Она кивнула.

—Ты забываешь, что я — специалист по патологии речи. Я привыкла работать с дефектами речи. И... — поспешно продолжала Софи, прежде чем он успел ее перебить, — если он будет говорить медленно, я пойму несложные греческие слова.

—Тебе это не понадобится. Твой дедушка говорит по-английски.

Kyrie Liakos может сейчас повидаться с вами, — сказала медсестра, выходя из палаты.

Она пристально смотрела на Костаса и даже не взглянула на Софи.

—Спасибо, — сказала Софи.

Она сделала шаг к двери палаты.

—Софи...

Судя по голосу Костаса, ему хотелось сказать что-то еще.

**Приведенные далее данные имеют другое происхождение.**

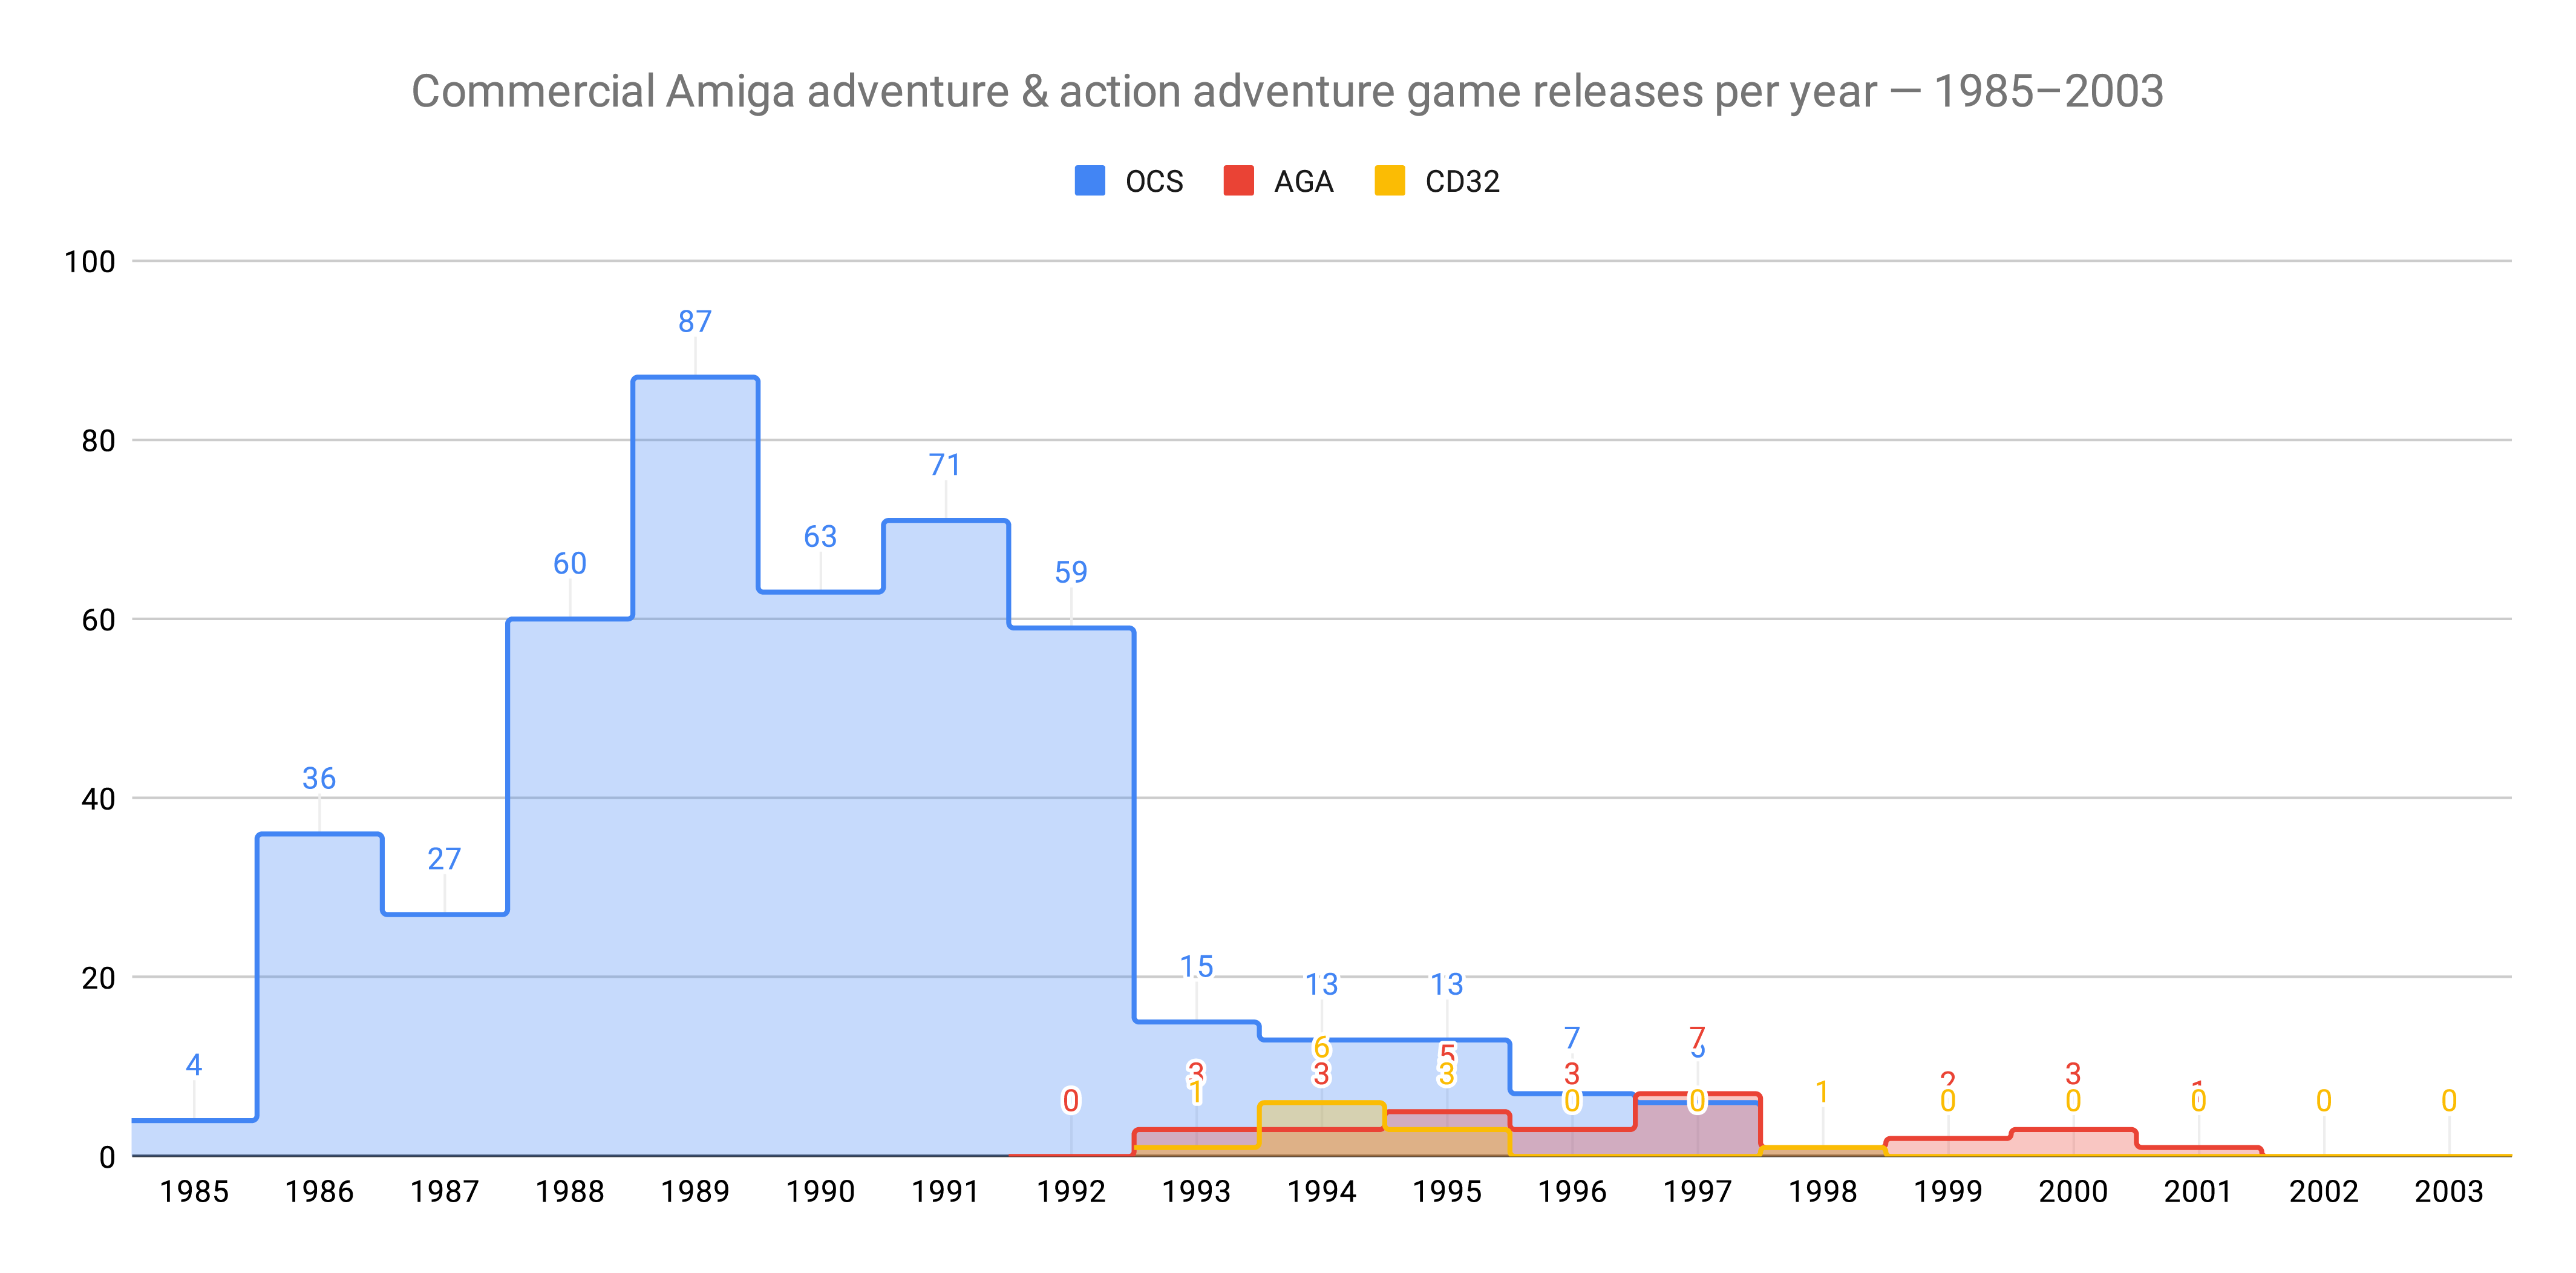 Commercial Amiga adventure & action adventure releases per year between 1985-2003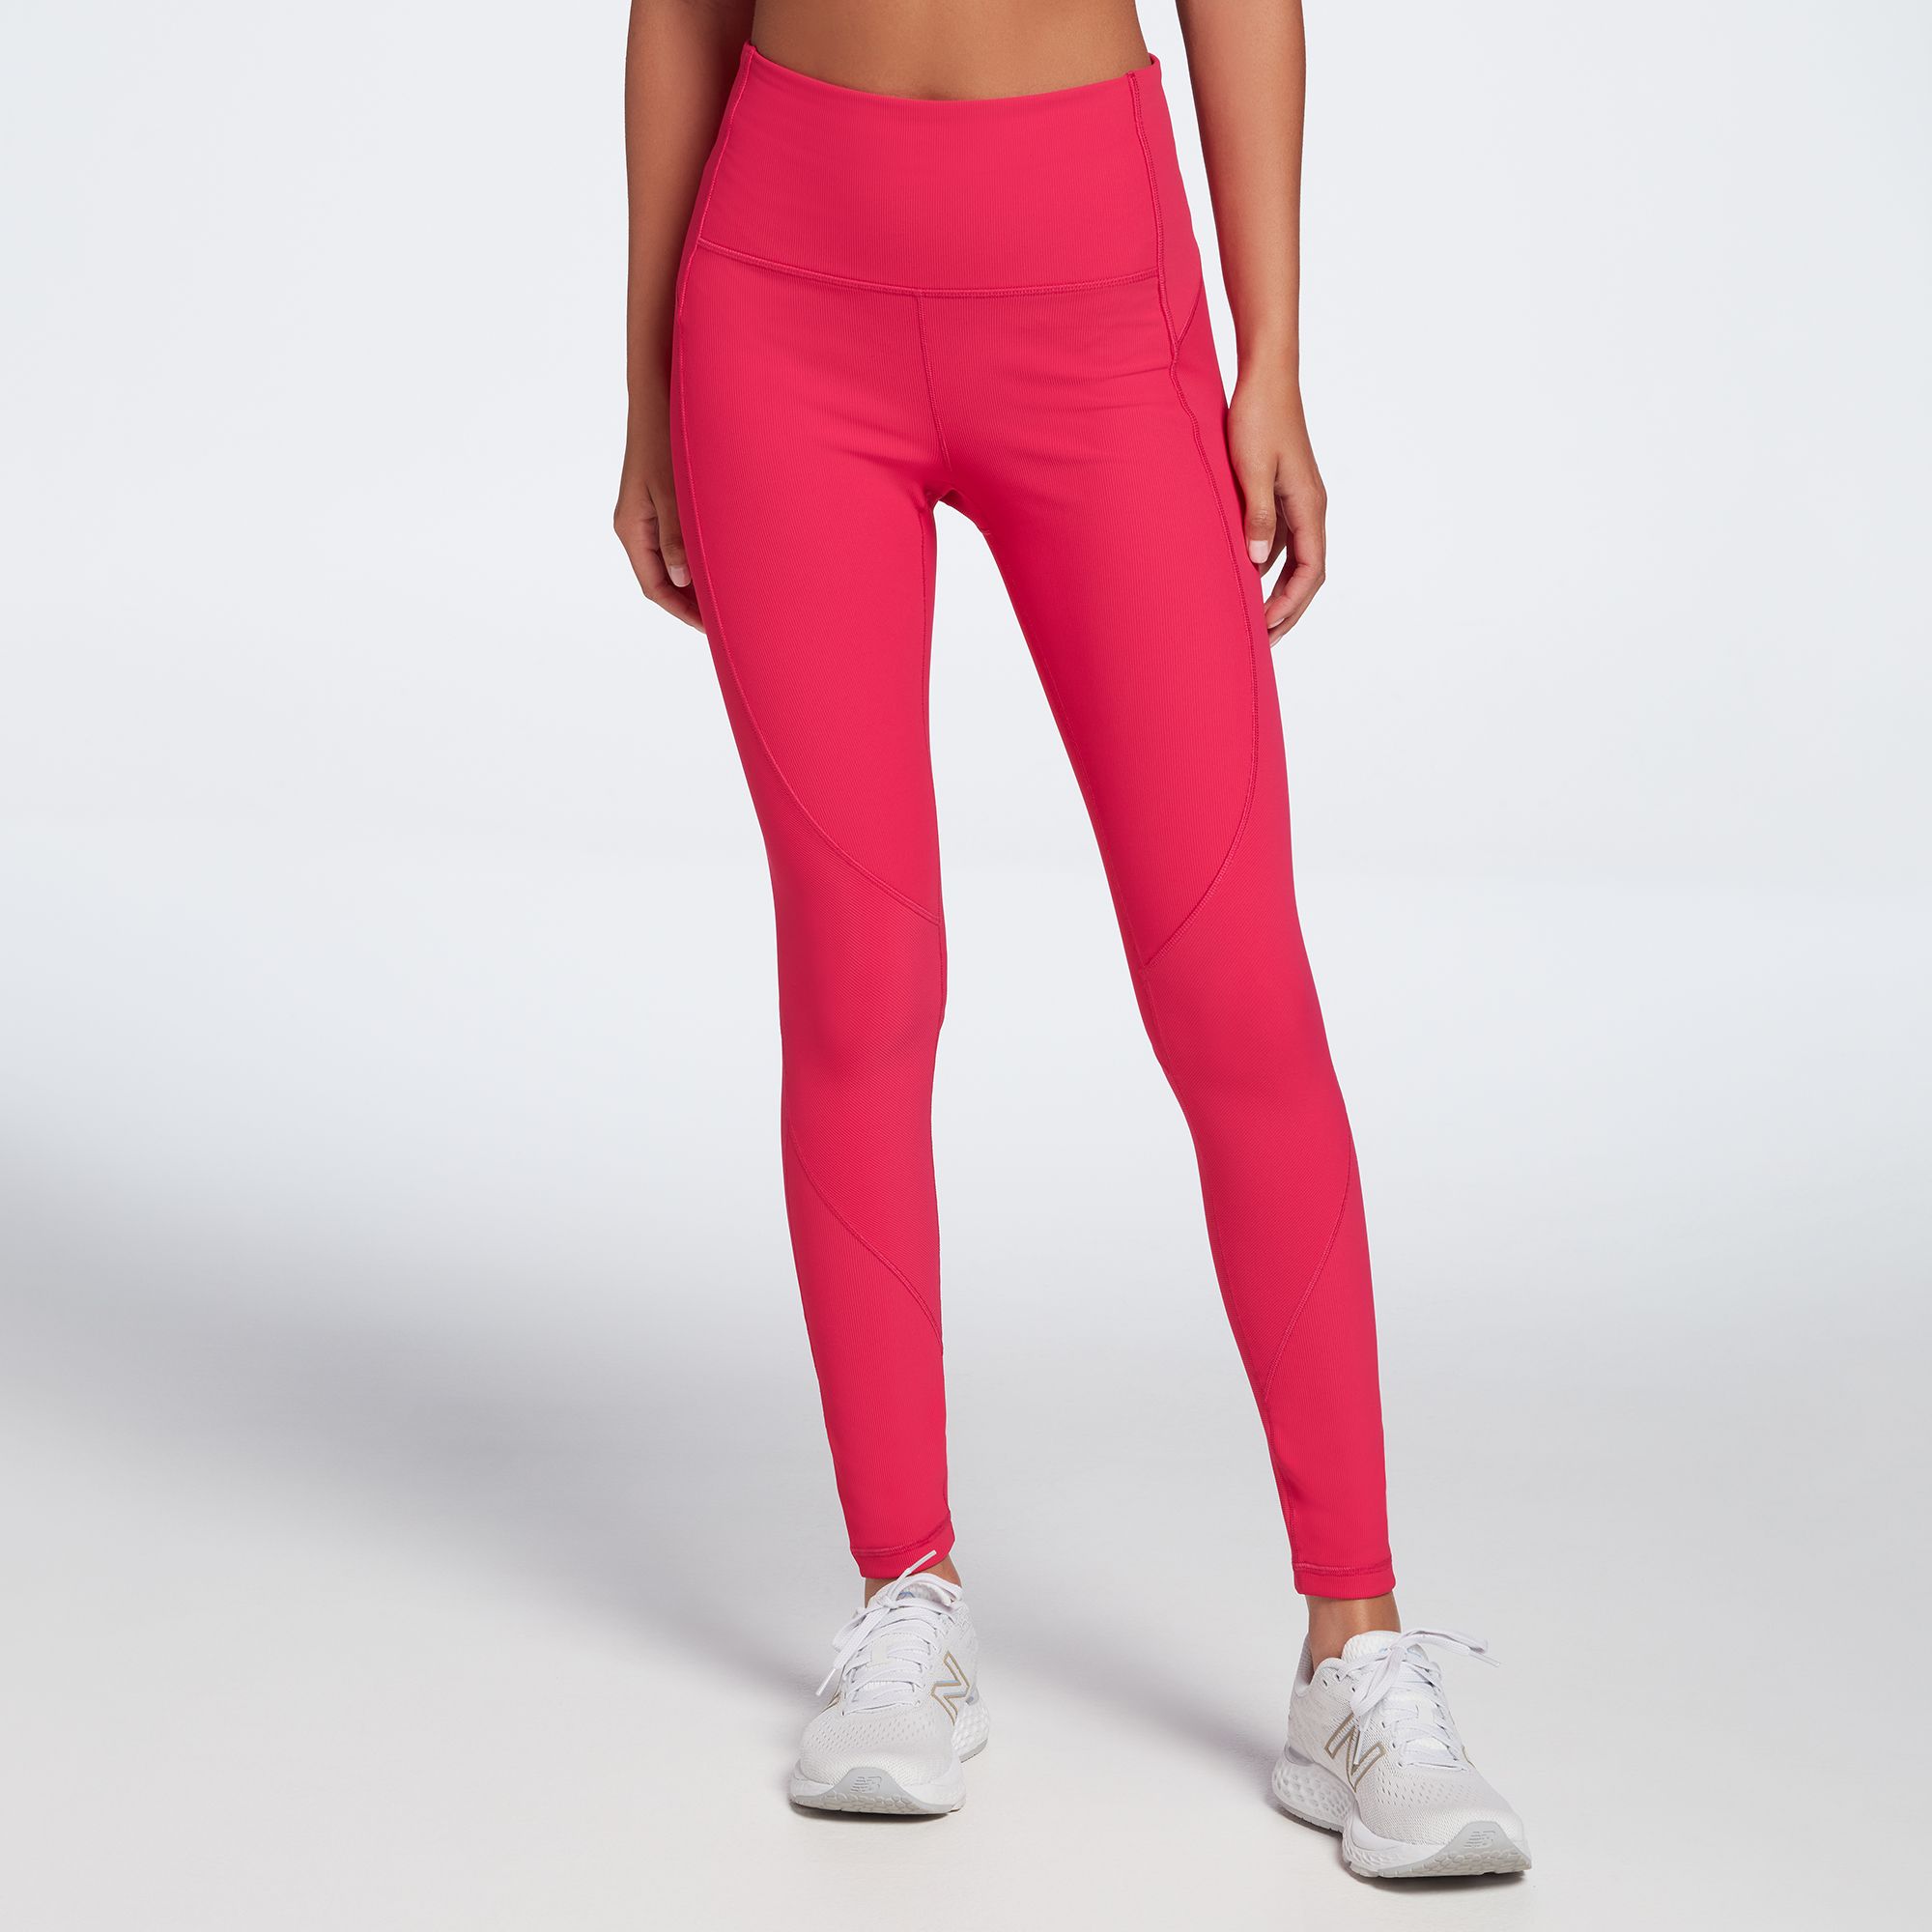 Calia / Women's Mixed Rib Essentials 7/8 Length Pants

—Увидимся позже, — сказала она, прежде чем он успел продолжить, и тихо вошла в палату. За ней закрылась дверь.

* * *

Несмотря на богатство Петроса Лиакоса, он был так же бессилен против болезни, как была бессильна ее мать.

Софи медленно пошла к кровати. Нелепо, что она так нервничает. В конце концов, ей нечего стыдиться!

Софи разглядела под одеялом очертания ступней, длинных ног, худого тела. Она подошла поближе и увидела его, Петроса Лиакоса, отца ее матери. Человека, который отрекся от своей плоти и крови, потому что не захотел ослабить контроль над жизнью своей дочери.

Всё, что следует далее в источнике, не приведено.